Keanu Reeves plays Bob/Fred, and while it's not one of his best performances, his befuddled blandness fits well with his character's increasing confusion and disorientation. The supporting cast includes Robert Downey, Jr., Winona Ryder, and Woody Harrelson (a twistedly appropriate group for a movie about addiction), and they make up for Reeves' weakness; Downey is especially good, and deserves to be in contention for a supporting Oscar nomination.

Odds are that won't happen, though, if only because the movie is animated, using similar rotoscoping technology to that in Linklater's Waking Life; the movie was filmed live, and the individual frames traced to create an animated film. In Waking Life, I thought the jiggliness of the technique was annoying, and it left me with a bad headache; here, the look is a bit more stable (though the shifting highlights in Ryder's hair are oddly snakelike) and much easier to watch.
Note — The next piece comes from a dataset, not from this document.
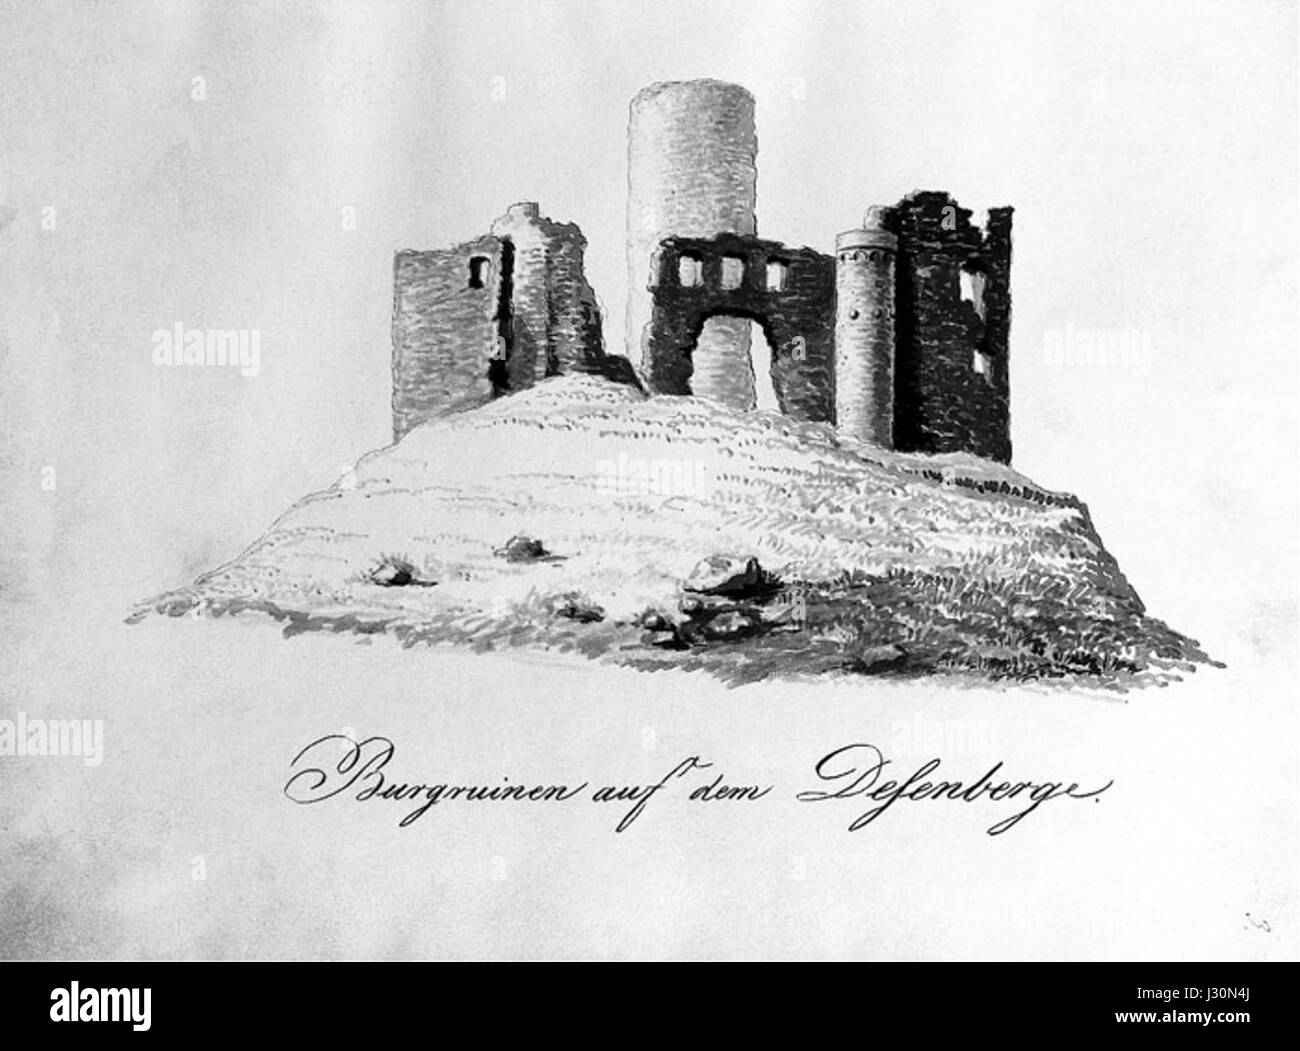 Burgruinen auf dem Desenberge Stock Photo

And unlike in Waking Life, where the rotoscoping felt like an unnecessary gimmick, the technology serves useful purposes in this movie; it allows for a beautiful realization of the scramble suit technology, which would be very difficult and expensive to achieve in live action. In addition, rotoscoping gives the movie a crisp and vivid look, but you never lose the awareness that what you're seeing isn't quite real, which (though I can't speak from personal experience) feels appropriate for a movie about drug use.